What is a 1260 °C ceramic fiber paper roll, and why do engineers specify it?
A ceramic fiber paper roll is a thin, flexible sheet made from aluminosilicate refractory fibers processed into a uniform mat, then bonded and calendered into controlled thickness. In purchasing language it is frequently called high temperature insulation paper, refractory ceramic fiber paper, RCF paper, or ceramic paper gasket stock.
The 1260 °C rating usually refers to the classification temperature of a common aluminosilicate fiber grade. That number is not a promise that every installation may run continuously at 1260 °C. It signals the fiber chemistry family, typical shrinkage behavior, and suitability at elevated hot face temperatures when design allows acceptable heat loss and dimensional change.
Why it matters:
- Thin section insulation: Paper thickness often sits in the 0.5 to 6 mm range, enabling insulation in tight assemblies where board cannot fit.
- Gasket behavior: Paper compresses, conforms to flange irregularities, and creates seal lines without high bolt loads.
- Thermal shock tolerance: Fiber networks handle rapid ramp up and cool down better than many rigid refractories.
- Converting efficiency: Rolls allow slitting, sheeting, kiss cutting, steel rule die cutting, and laminated stacks.
In practice, procurement teams like rolls since they reduce waste and simplify kitting, while design engineers like paper since it solves “one more millimeter” packaging problems without sacrificing temperature capability.

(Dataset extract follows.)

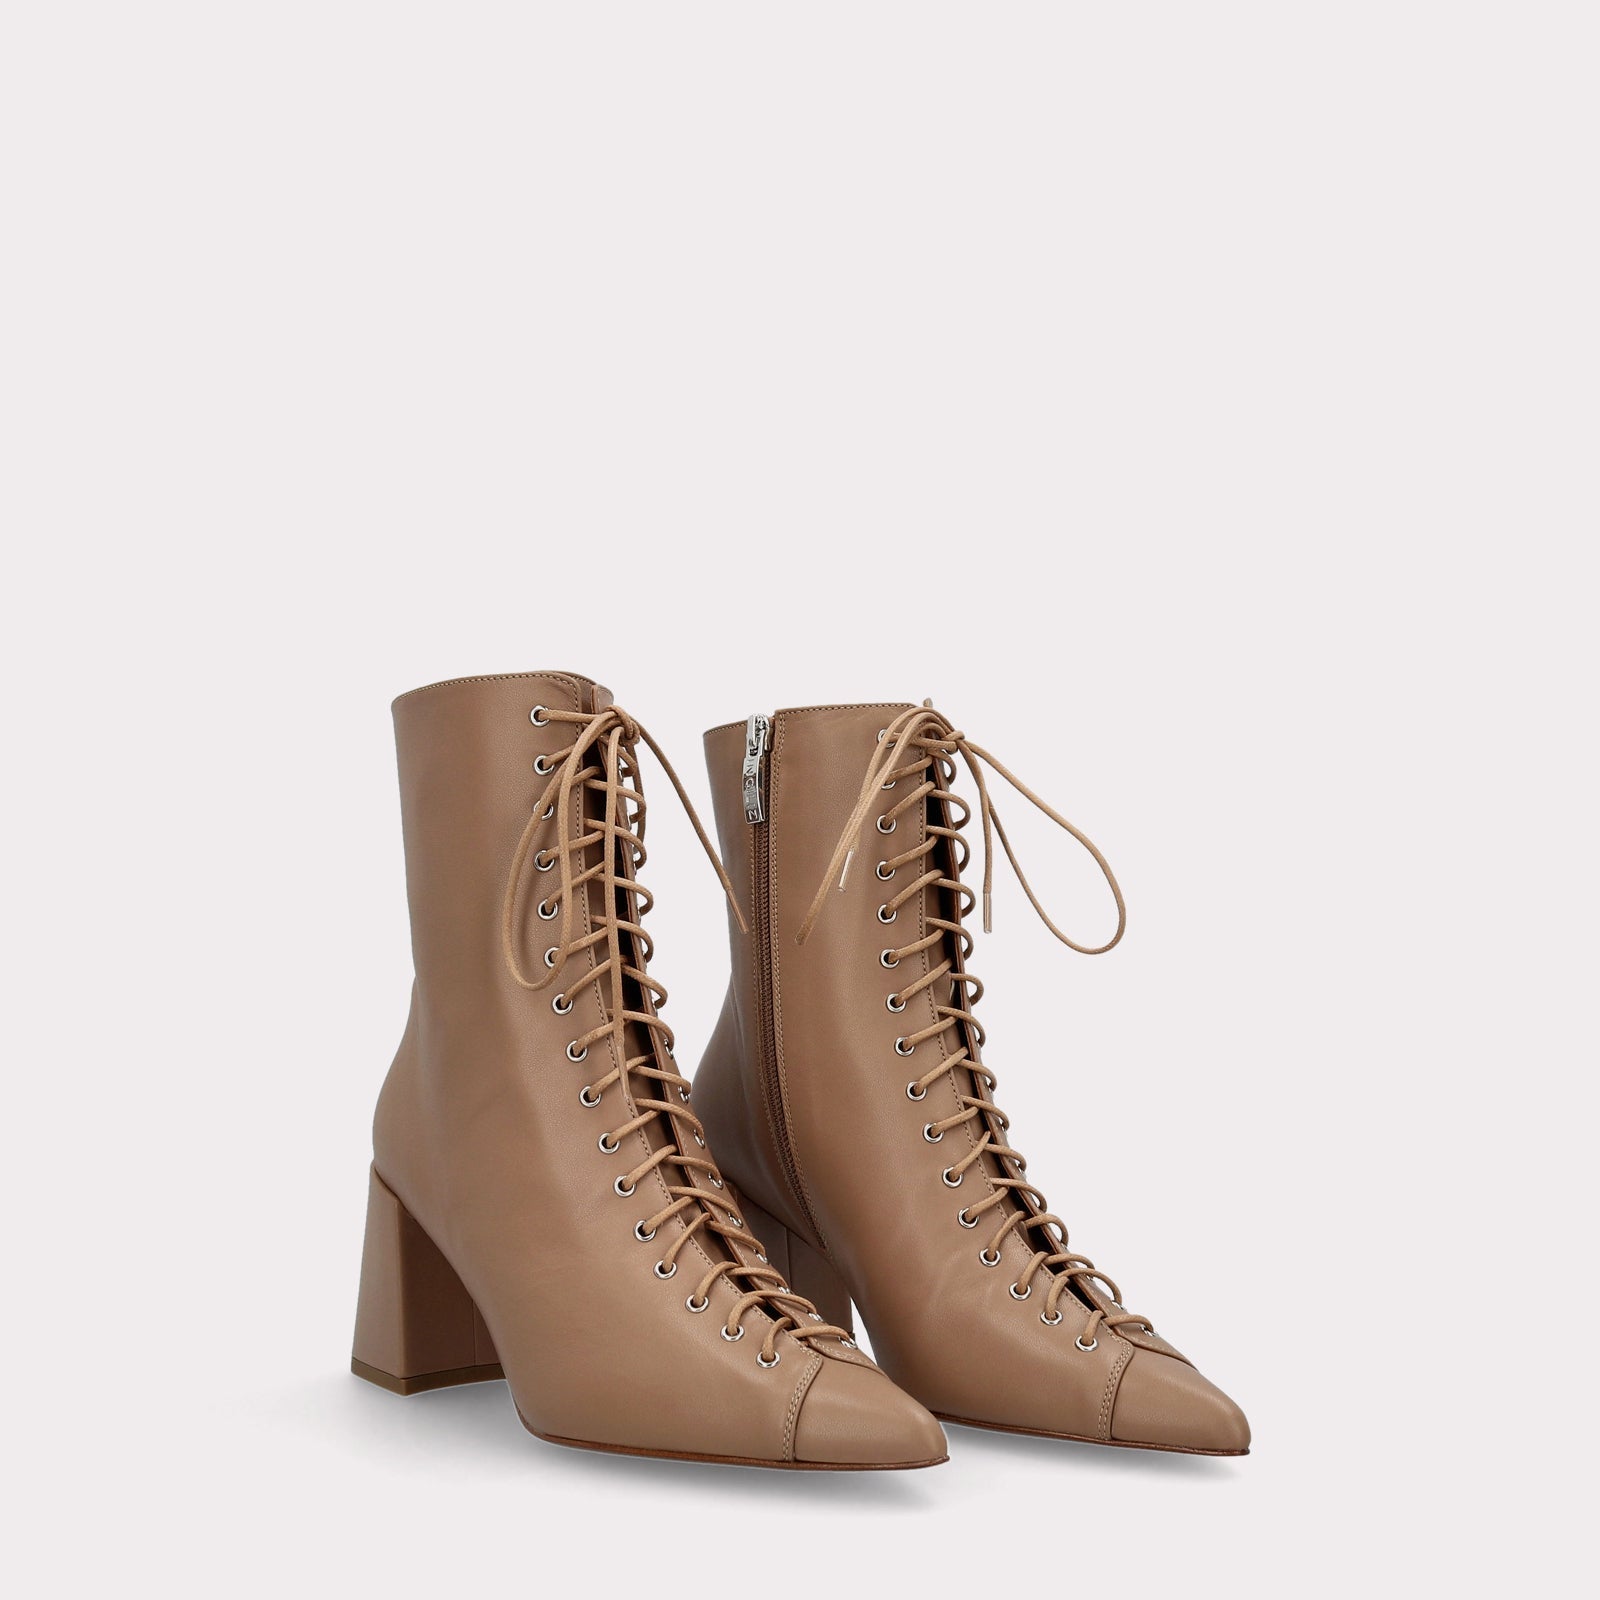 JOLIE 01 NUDE LEATHER ANKLE BOOTS
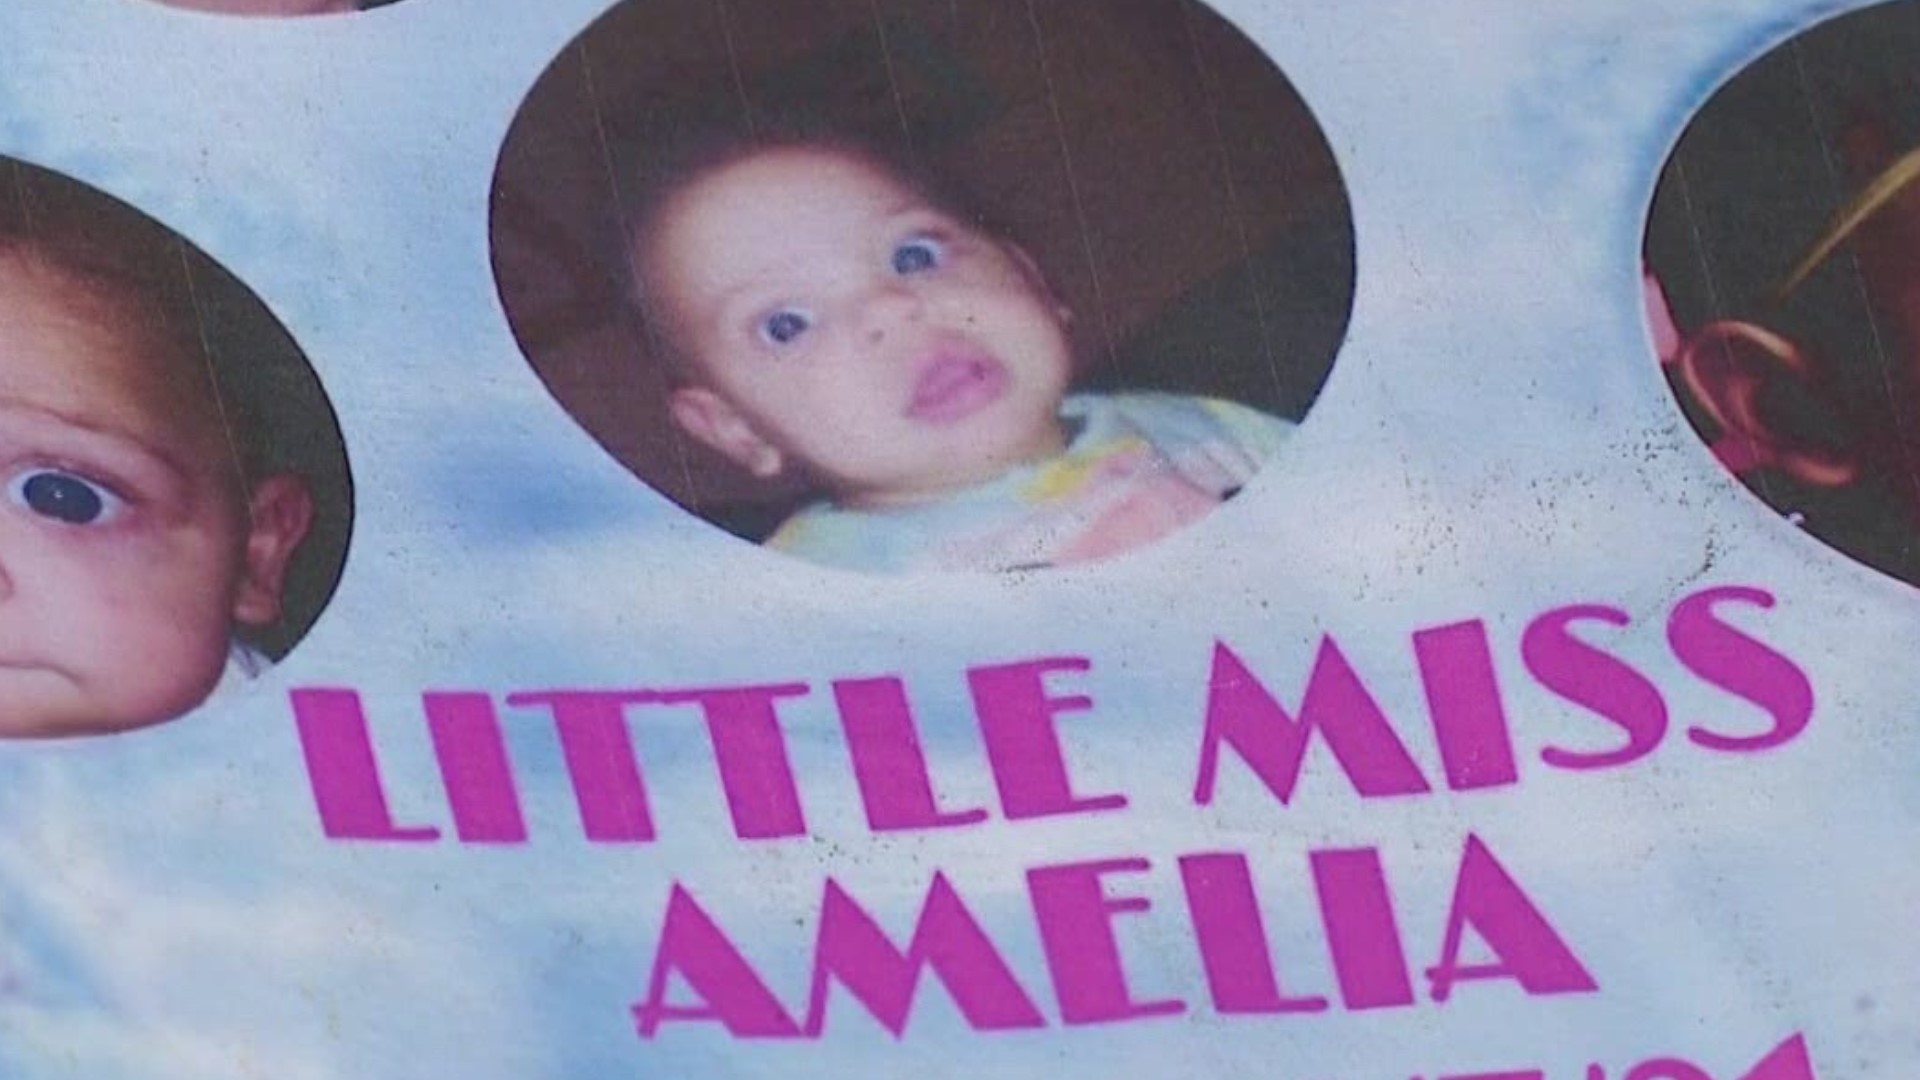 A grieving mother wants answers following the death of her 10-month-old.

Also read: What is Ceramic Fiber Paper Used For?
Which materials and manufacturing steps control real world performance?
Leading manufacturer datasheets and industrial application notes tend to repeat the same idea: ceramic paper performance is not only “fiber type,” it is a sum of fiber chemistry, fiber length distribution, binder system, calendering, and quality control. Below is what matters most when specifying AdTech ceramic fiber paper.
Fiber chemistry: alumina and silica ratio, plus trace oxides
Most 1260 °C grade papers use aluminosilicate fibers. Higher alumina content generally increases high temperature stability and helps lower shrinkage at elevated temperature. Trace oxides affect devitrification behavior, which can increase brittleness after long exposure.
Key engineering takeaway: do not select solely by density or thickness; verify the classification temperature and linear shrinkage at a stated soak condition.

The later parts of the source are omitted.